When you copy the listing, skip the images and return each line verbatim.

### PROVIDED DATA
◆ ◆ ◆

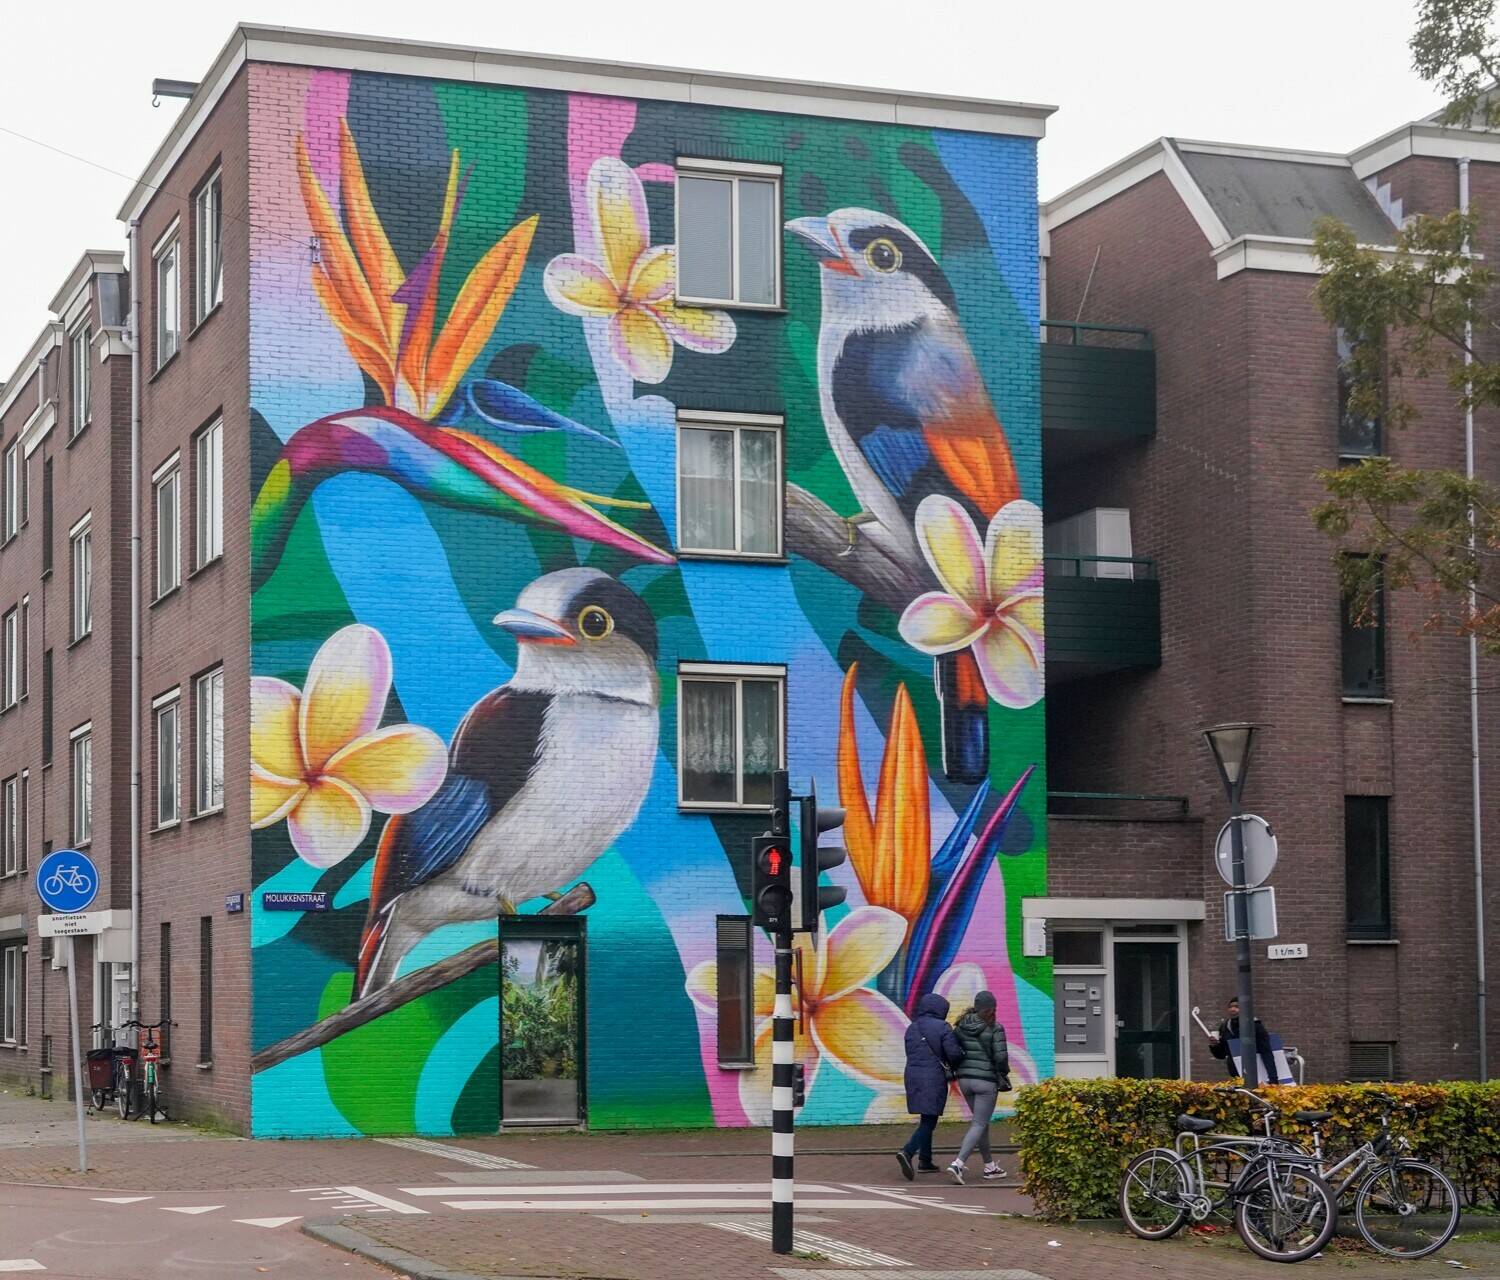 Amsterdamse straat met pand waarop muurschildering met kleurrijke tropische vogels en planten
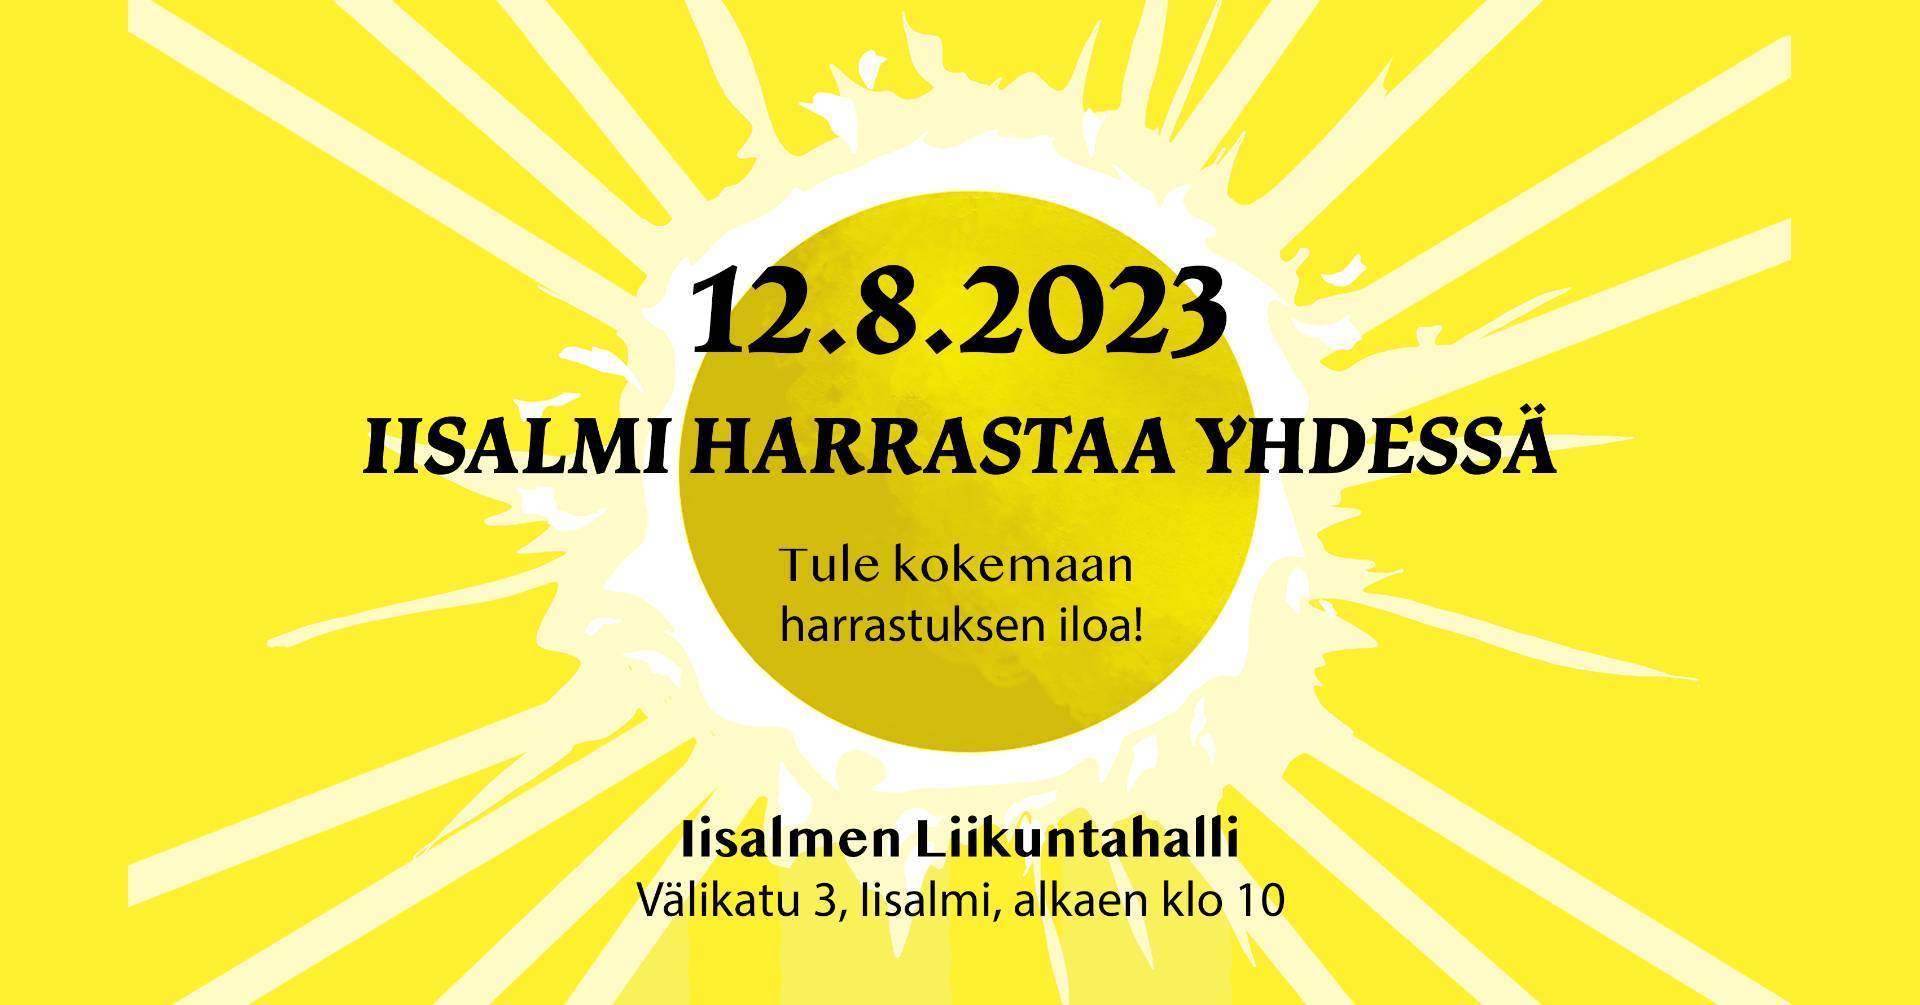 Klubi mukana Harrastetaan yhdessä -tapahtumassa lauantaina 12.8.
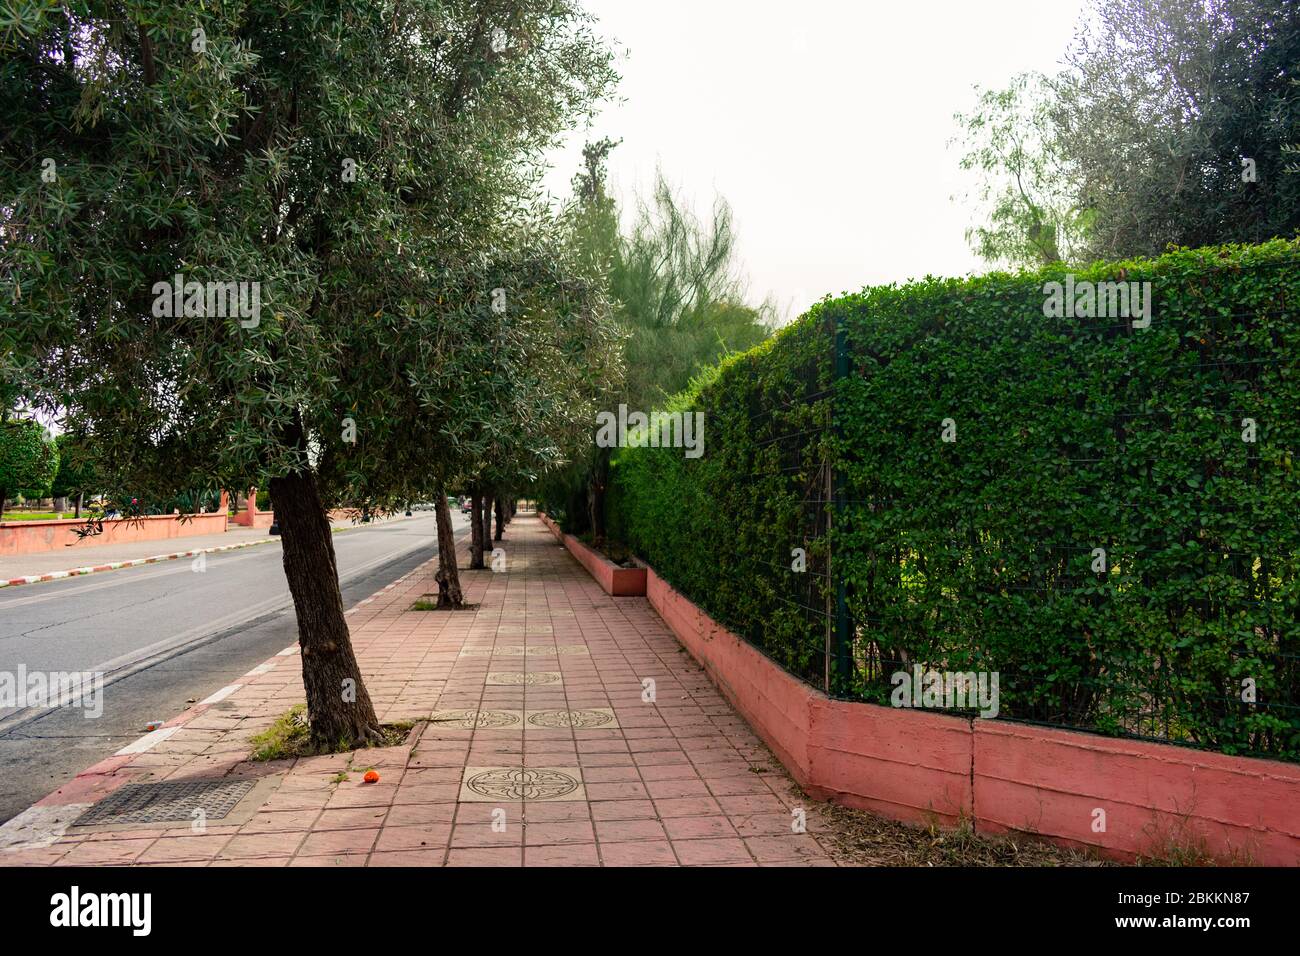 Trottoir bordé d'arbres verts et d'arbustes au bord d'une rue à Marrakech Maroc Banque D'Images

◆ ◆ ◆

### SOLUTION TO THIS PROBLEM
 Amsterdamse straat met pand waarop muurschildering met kleurrijke tropische vogels en planten
 Klubi mukana Harrastetaan yhdessä -tapahtumassa lauantaina 12.8.
 Trottoir bordé d'arbres verts et d'arbustes au bord d'une rue à Marrakech Maroc Banque D'Images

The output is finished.